As soon as my local B&N had a sample, I took my Touch and made a comparison -- which was interesting and intriguing. First, the Glow, with its light off, had ever-so-slightly less contrast than my Touch; the background color was a little more tan in color; neither were completely white. Second, with the light on, the Glow was much clearer; the contrast was much better -- it was easier to read, hands-down easier to read. I had to have one.

I became the first on the waiting list -- brought it home yesterday, the 30th, and have been running it alongside the 'plain-old' Touch and the Tablet.

I have used my new Glow from full darkness to direct sunlight. With the light on (25-50%), it is completely superior to the Touch -- except in direct sunlight. Direct sun completely nullifies the the advantage of the lighting (at any percentage level) and the slight contrast edge goes back to the Touch. The difference isn't great but does favor the Touch.

If I were going to read exclusively in direct sun, I would stick with the cheaper, simpler and likely more reliable Touch. But who does that? Besides, in every other lighting environment, I found the Glow to be the better reader. It is not perfect though.

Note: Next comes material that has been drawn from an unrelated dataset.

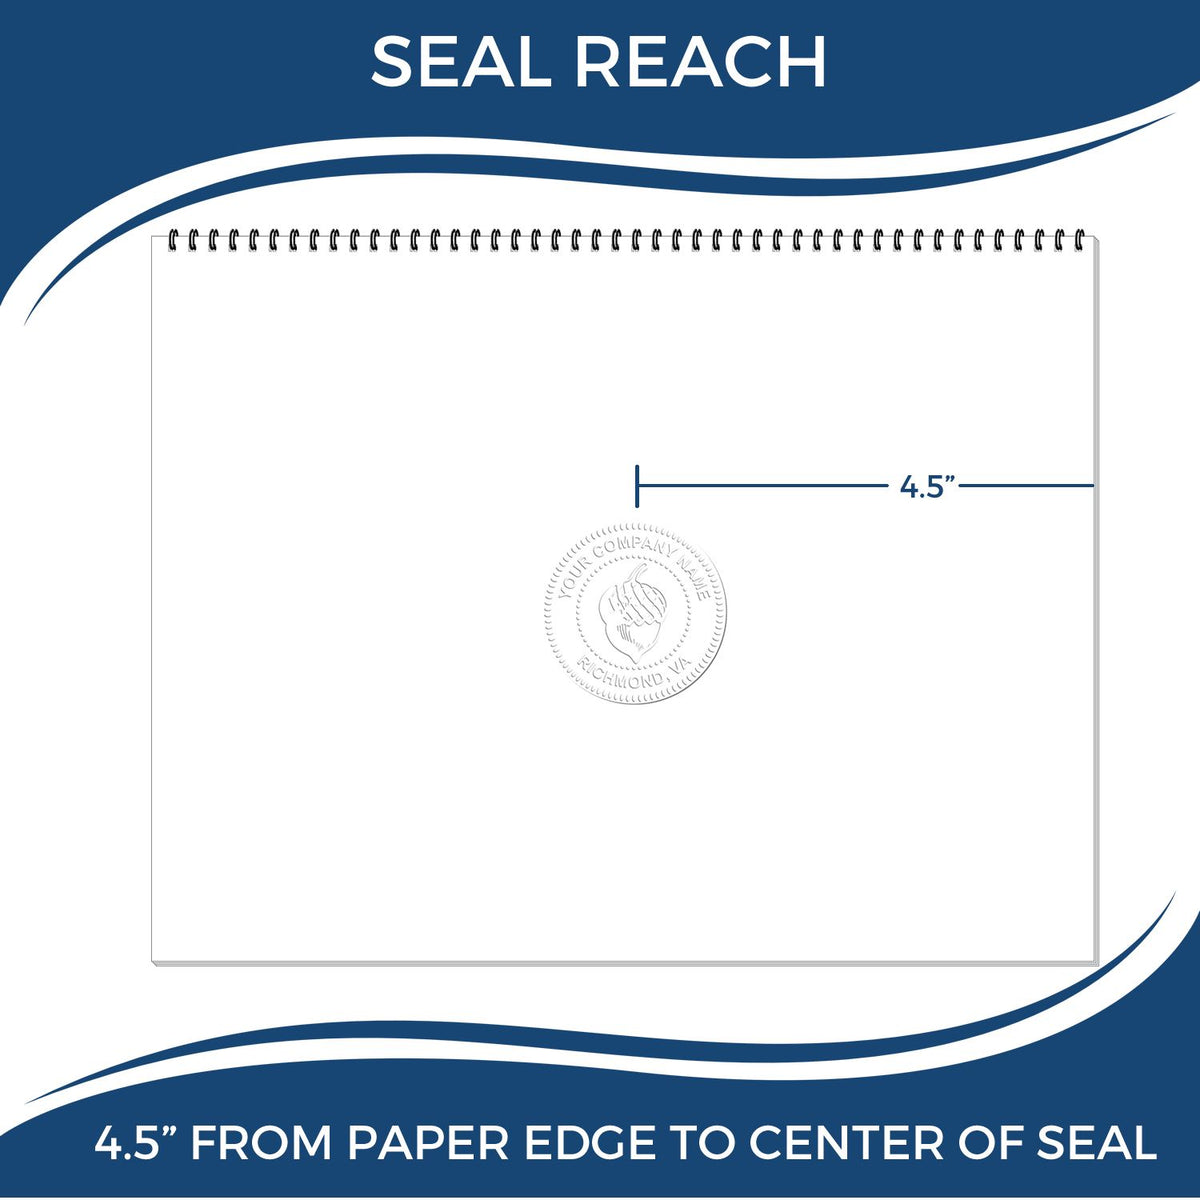 An infographic showing the seal reach which is represented by a ruler and a miniature seal image of the State of Arizona Extended Long Reach Geologist Seal

At low level lighting (below about 25%) and in the dark, the illumination is uneven: First, there is an understandable brighter band of light just below the LEDs at the top. It is a small difference and I soon got used to it. Just below this band is a darker one. Their proximity makes both more prominent to my eyes. There is also a faint darker area about the size of a quarter (but roughly shaped) on the right side of the screen and about half-way down. Finally, there is a vague, irregular but full width darker area near the bottom. The differences are very slight and I soon forget about them when reading. Although, I shall follow up on this with B&N and let Y'all know what I learn.

The screen of the Glow is sharp and clear in the dark or a dimly lit room (think: watching television). However, there is no way that it can equal the clarity and sharpness of my Tablet under those same conditions. It weighs much less though which can mean a lot when reading in bed. I am not saying that it isn't good in the dark, it is very good in the dark, but, the Color and Tablet are better.

My only complaint is that the display lighting is slightly uneven. I am going to ignore this small detail and keep my new Nook Touch Glow. I am already becoming fond of it and will likely make it my go anywhere reader.

Hope this helps -- Joe Minton
I read in two situations: outside, many times in broad daylight (on the beach, in a park) and in bed. I really hate artificial light on epaper, reflections dancing everywhere. I have a Nook Color (my first tablet) and it gave me problems reading in daylight no matter how much I pumped the illumination. I chose the smallest of evils with an eink reader with light.